GKE TPU node pools — TPUs as Kubernetes resources, with multi-host slice support.
Pathways on Cloud — for jobs that need multipod or async resharding.

Disclaimer: prices change. Treat the table as illustrative; check the current Cloud TPU pricing page for live numbers.

11

What v5 Got Right And Wrong

Got right

The product fork itself. Two SKUs serve customers much better than one.
v5p's 95 GiB HBM — the right capacity for Gemini-class context lengths.
Multislice and Pathways on Cloud — cross-pod jobs become routine, not heroic.
v5e's 2D-torus simplification — right tradeoff for the e-class price point.
SparseCore ×4 on v5p — reflects MoE workloads becoming first-class.

What v6 / v7 then changed

v5e's 197 TFLOPS was below NVIDIA H100's bf16 (~989 TFLOPS dense) by a noticeable margin. Trillium closes most of the gap (918 TFLOPS bf16) at the same form factor.
v5p's 459 TFLOPS bf16 was competitive but didn't have FP8. Ironwood adds FP8 at 4.6 PFLOPS — 10× on the headline number.
HBM3e wasn't ready for v5; Ironwood ships with 192 GiB HBM3e per chip in 2025.
The ICI bandwidth on v5e (400 GB/s) was already a bottleneck for some workloads; Trillium doubles it.
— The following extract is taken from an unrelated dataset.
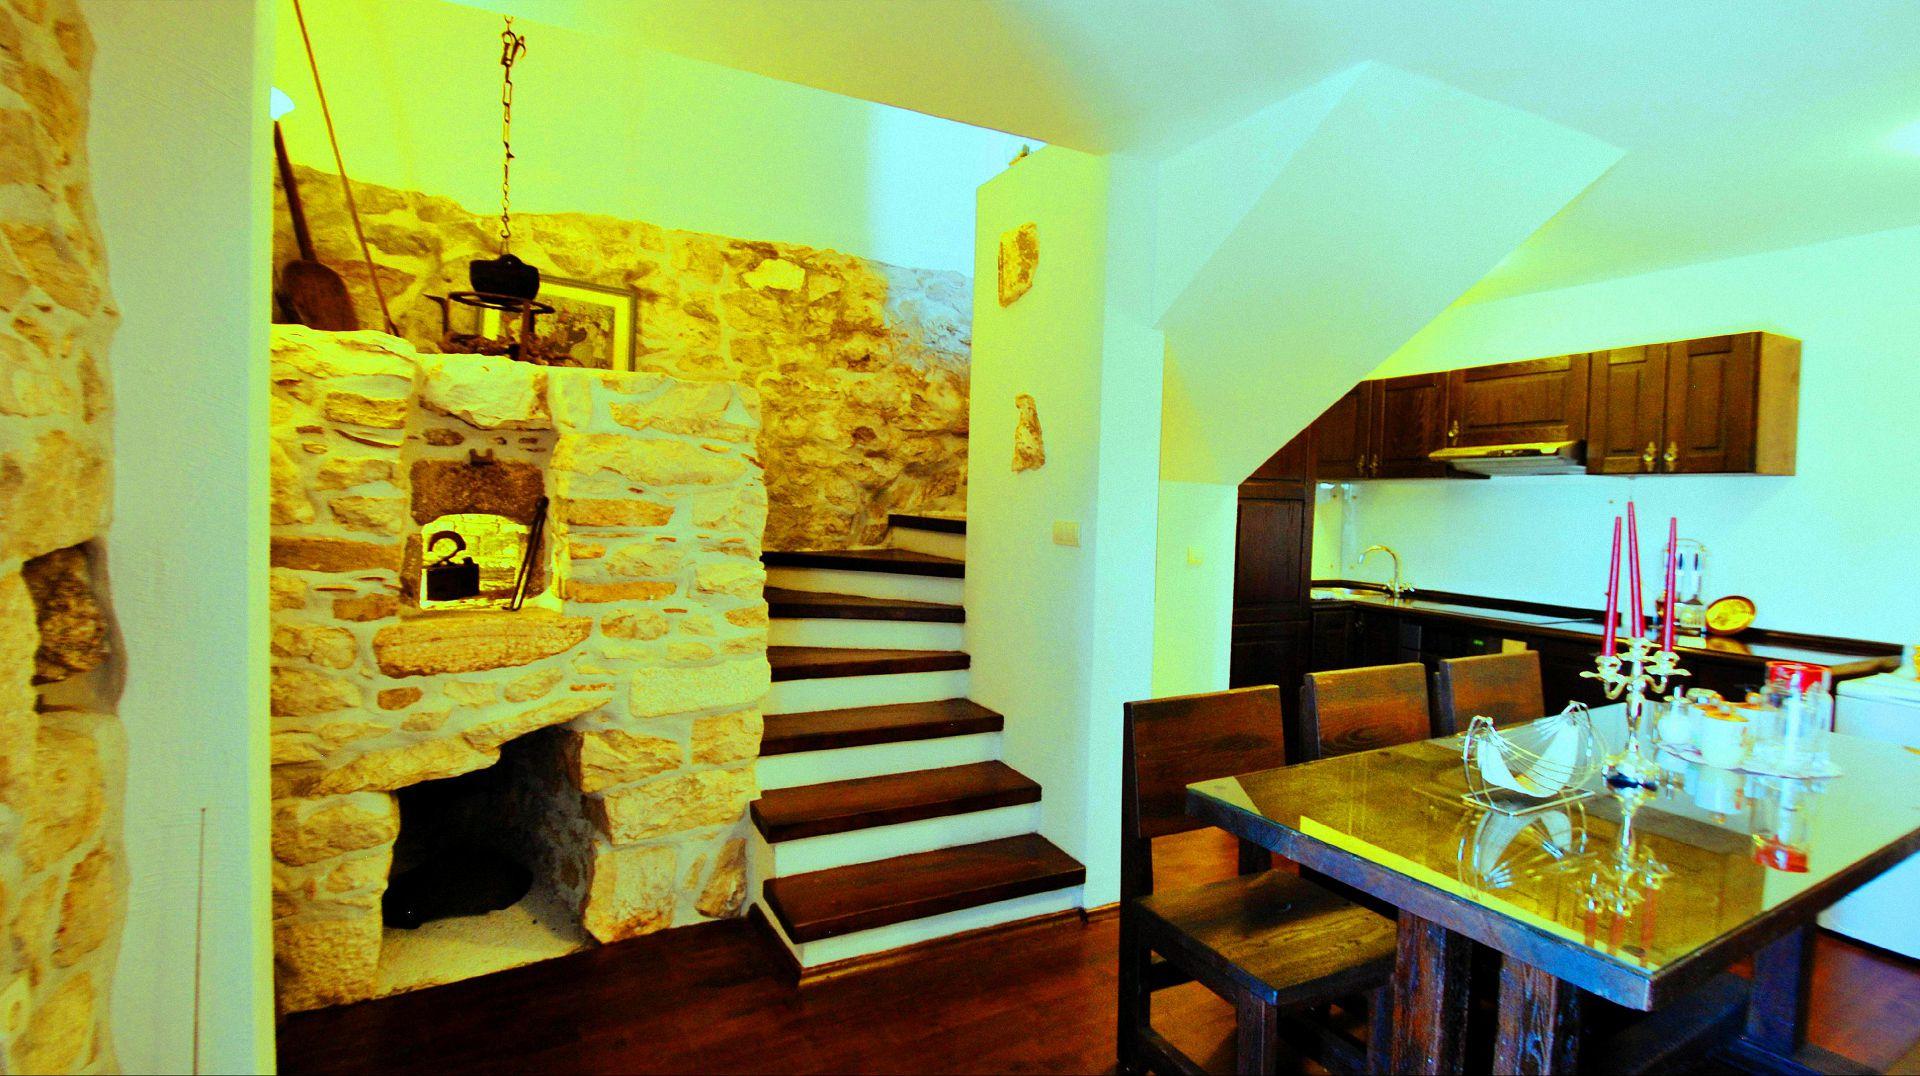 Vila Holiday house Marija - with pool: Duboka, Riviera Dubrovnik 52905, Duboka, , Rajoni i Splitit/Dalmacisë

v5 is the chip that defines the modern TPU product strategy. Trillium and Ironwood are refinements of the v5e and v5p archetypes — they don't change the strategy, they execute on it.

12

Cheat Sheet

v5e (Aug 2023): 1 TensorCore, 197 TFLOPS bf16, 16 GiB HBM, 400 GB/s ICI, 256-chip 2D-torus pod, no OCS, ~$1.20/chip-hr.
v5p (Dec 2023): 2 TensorCores, 4 SparseCores, 459 TFLOPS bf16, 95 GiB HBM at 2.76 TB/s, 1.2 TB/s ICI, 8,960-chip 3D-torus + OCS pod, the chip Gemini 1.5 trains on.
The product fork: "e-class" = cheaper than v4i, "p-class" = bigger than v4. One team, two SKUs per gen.
Multislice (Aug 2023): single training job spans multiple slices / pods, ICI inside slices + Jupiter DCN between.
Pathways on Cloud: single-controller orchestration, public extension of the system that trained PaLM.
v5p pod aggregate: ~4.1 ExaFLOPS bf16, ~850 TiB HBM — pod HBM stops being a binding constraint for LLM training.
v5e use cases: fleet inference, fine-tuning, small-scale pretraining. v5p use cases: Gemini-class frontier training.
Long context lives on v5p — Gemini 1.5 Pro's 1M-token context only works because of the 95 GiB / 2.76 TB/s per-chip HBM combination.